* [Task] Return each line below exactly as it reads, and omit any image in it.

* [Data section]

--------------------------------------------------

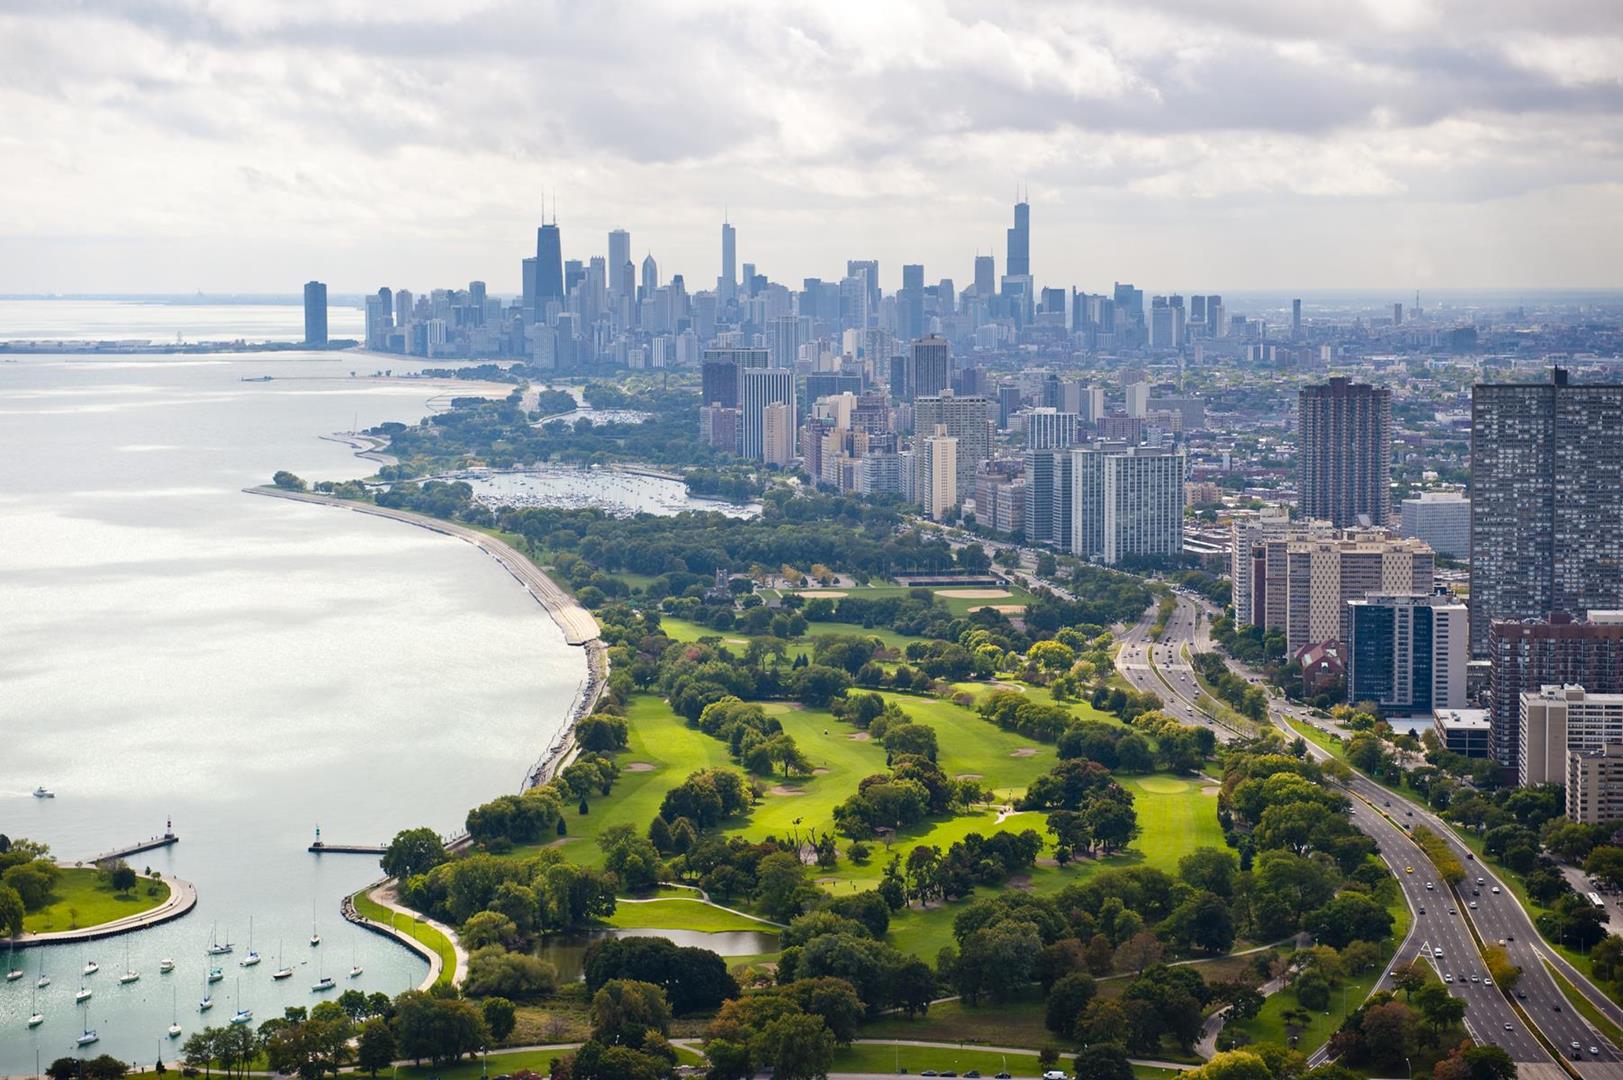 Chicago: A World-Class Sports Destination
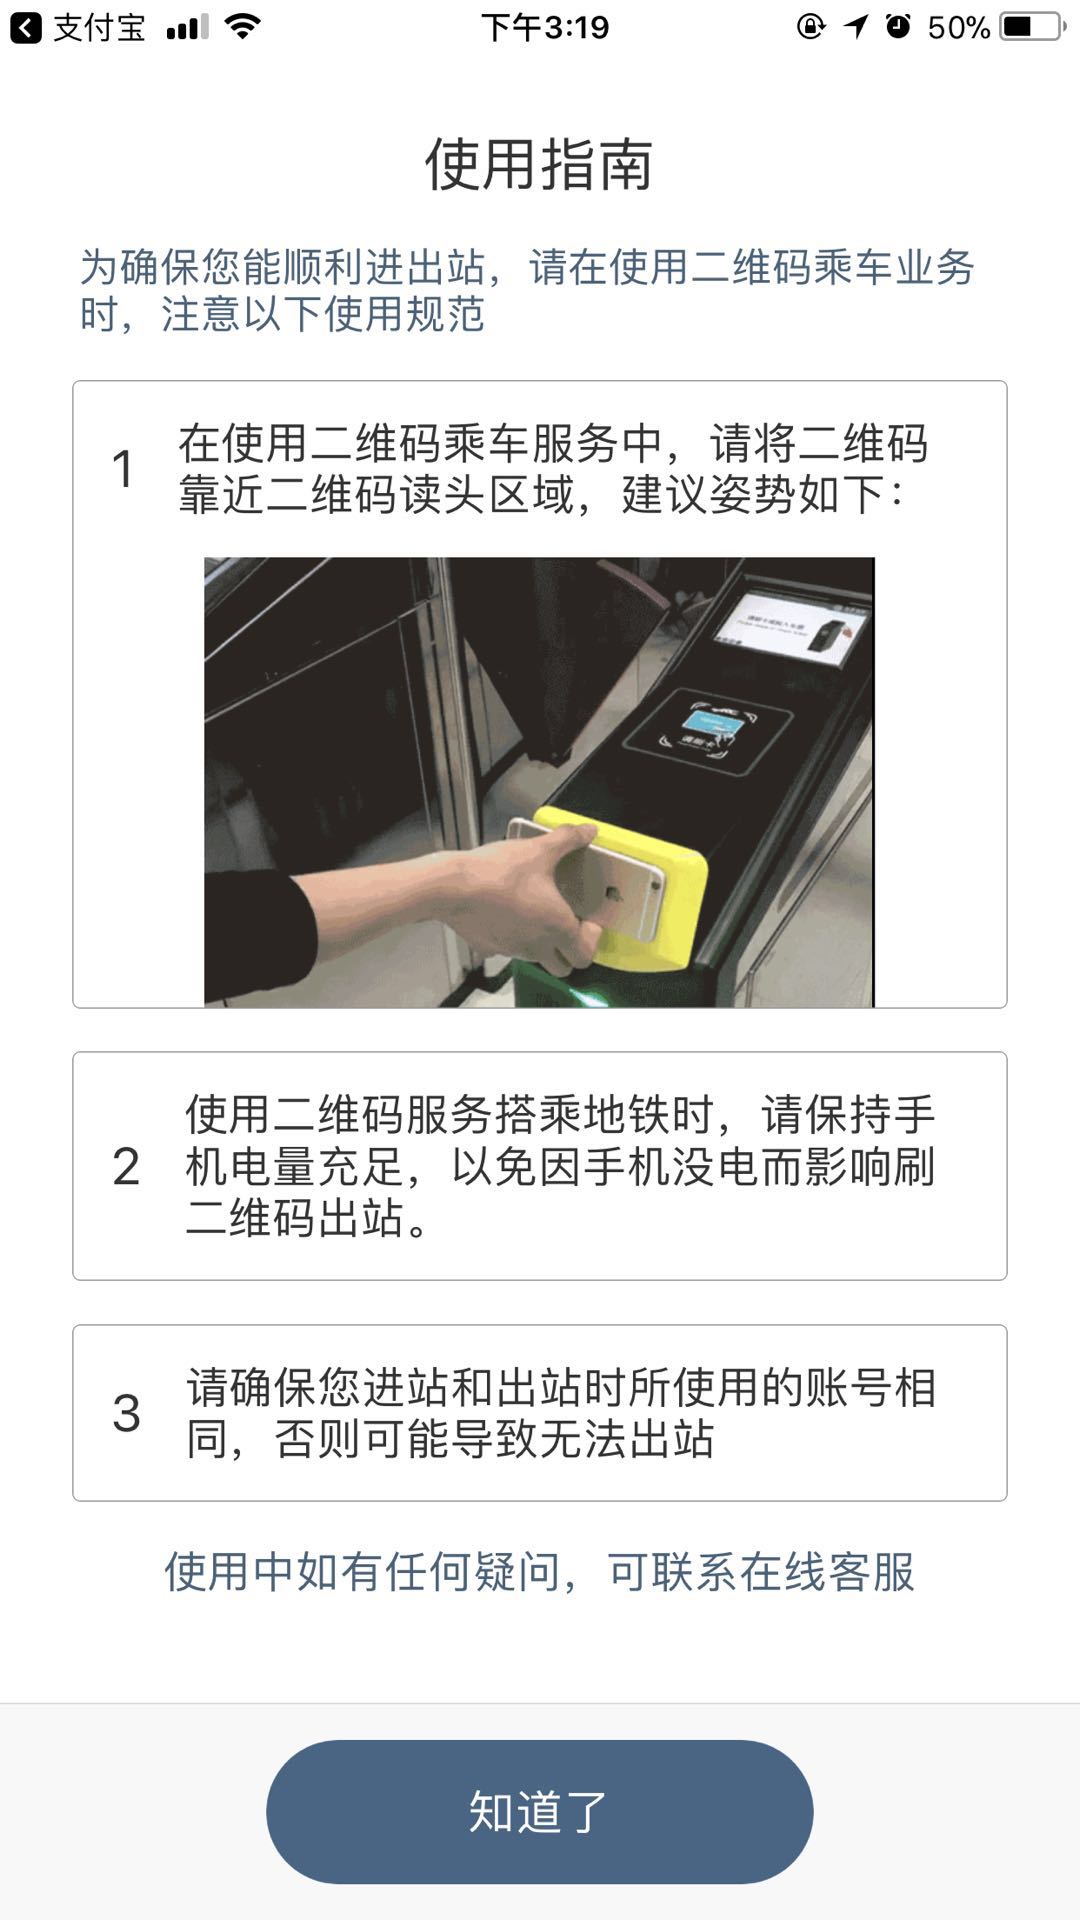 无须NFC 北京地铁即将开启手机扫码乘车时代
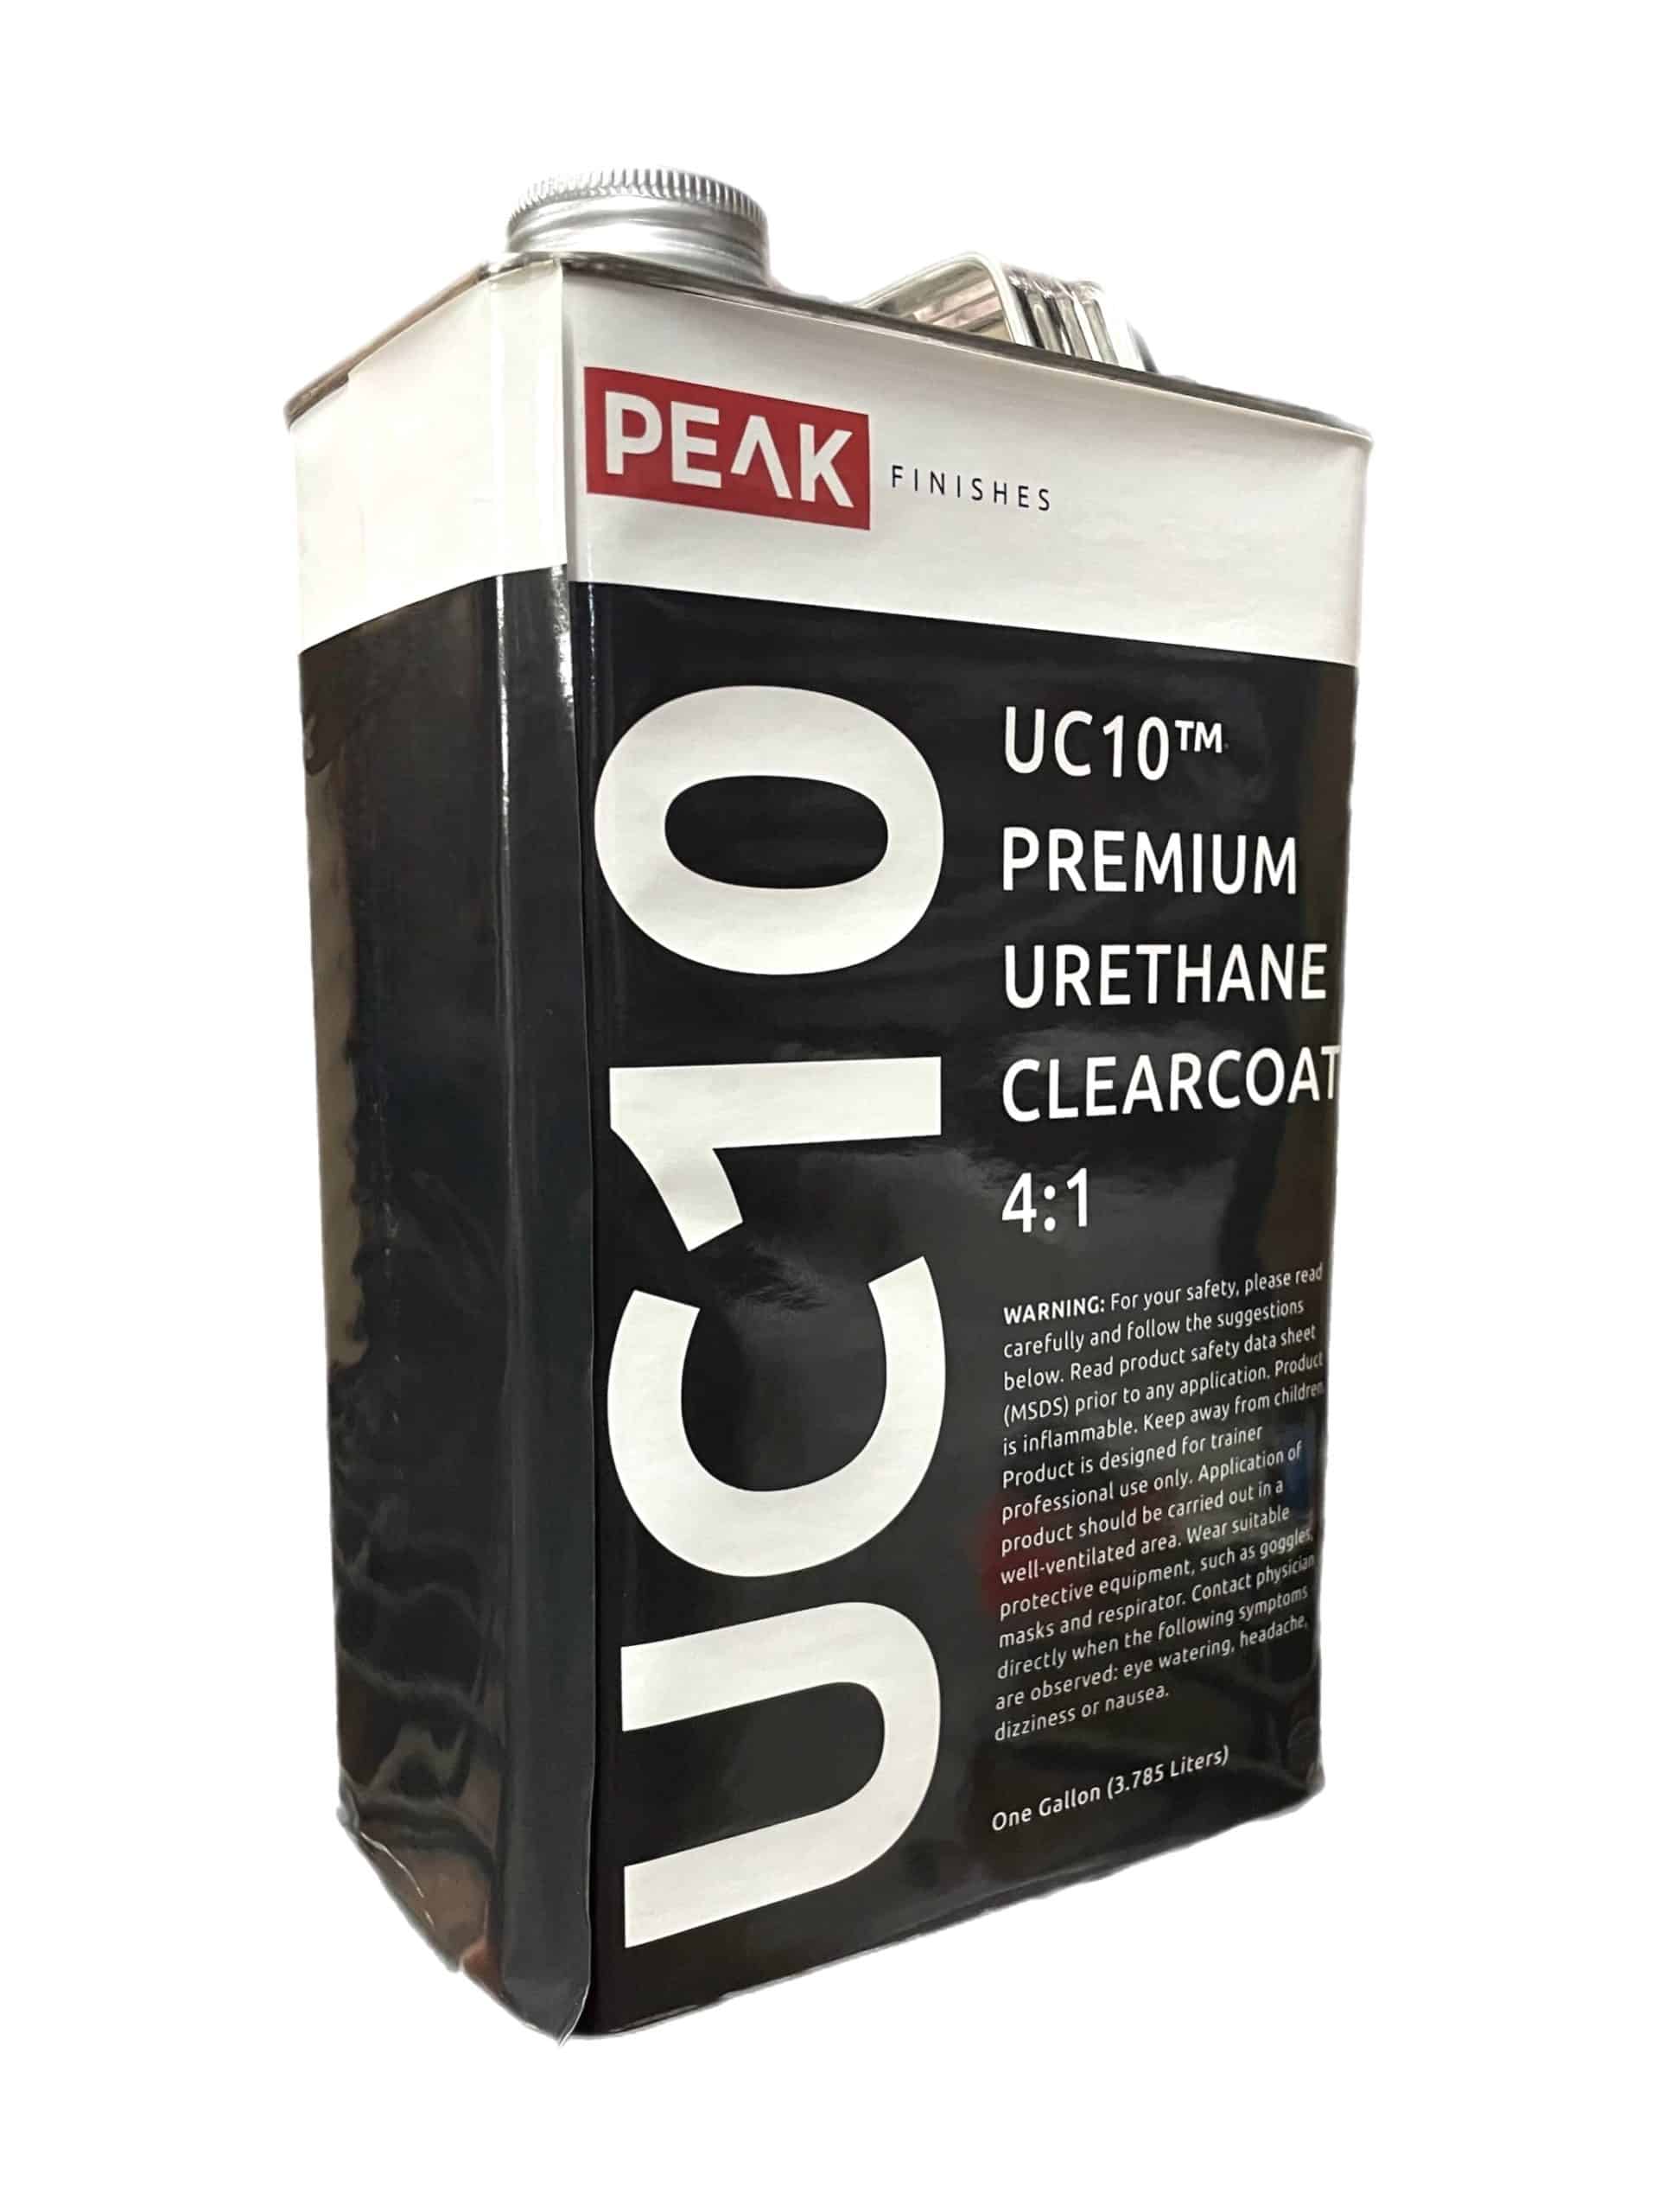 Urethane Clear Coat Sem 50504 Quart Kit restoration car paint
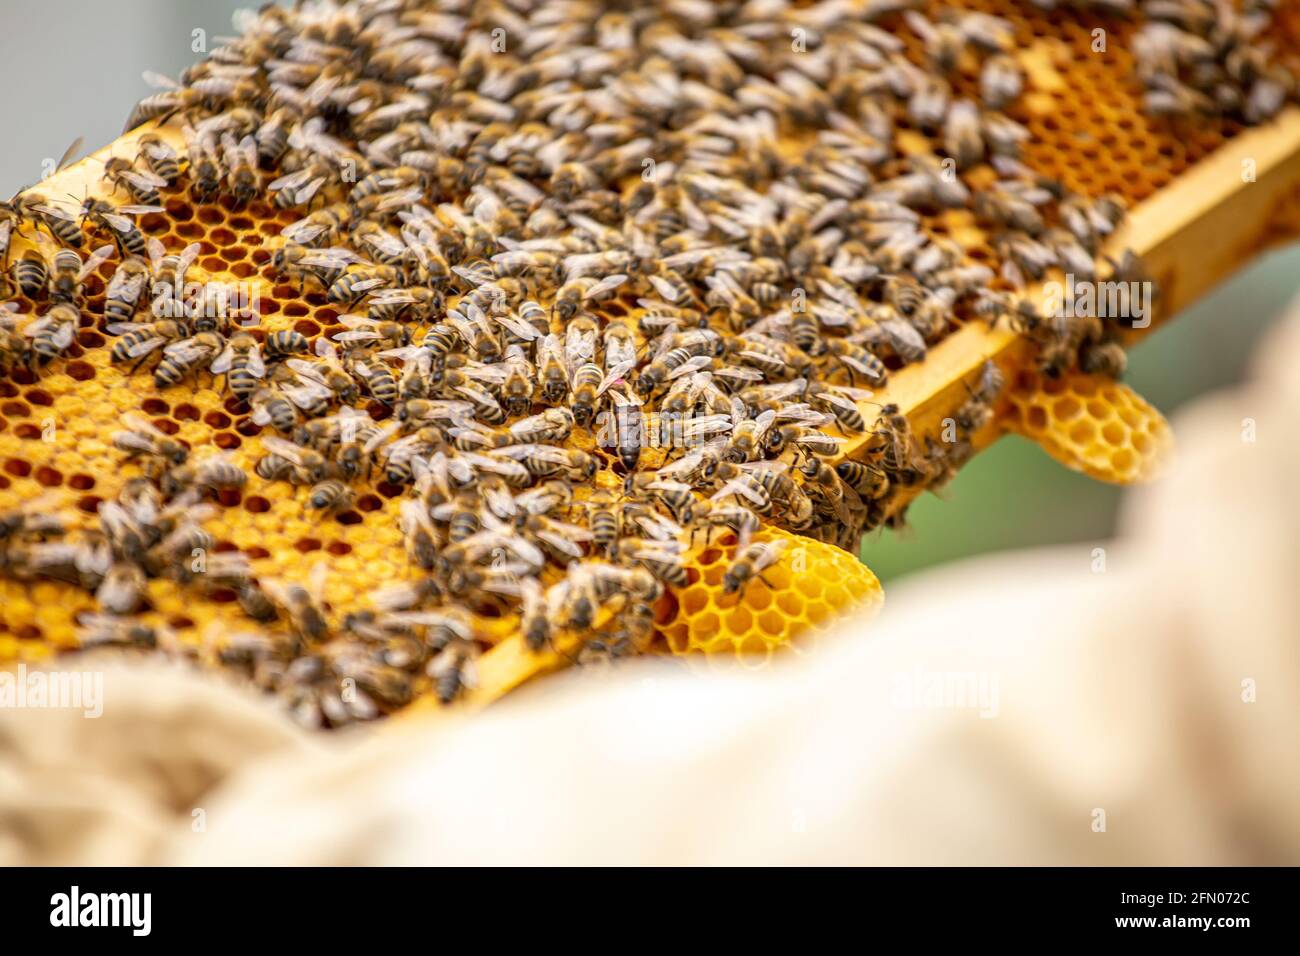 Étiquette queen abeilles rampant sur le cadre rempli d'abeilles et de couvain. Famille forte sur le cadre. Mise au point douce Banque D'Images

--------------------------------------------------

* [Answer to the problem]
 Chicago: A World-Class Sports Destination
 无须NFC 北京地铁即将开启手机扫码乘车时代
 Urethane Clear Coat Sem 50504 Quart Kit restoration car paint
 Étiquette queen abeilles rampant sur le cadre rempli d'abeilles et de couvain. Famille forte sur le cadre. Mise au point douce Banque D'Images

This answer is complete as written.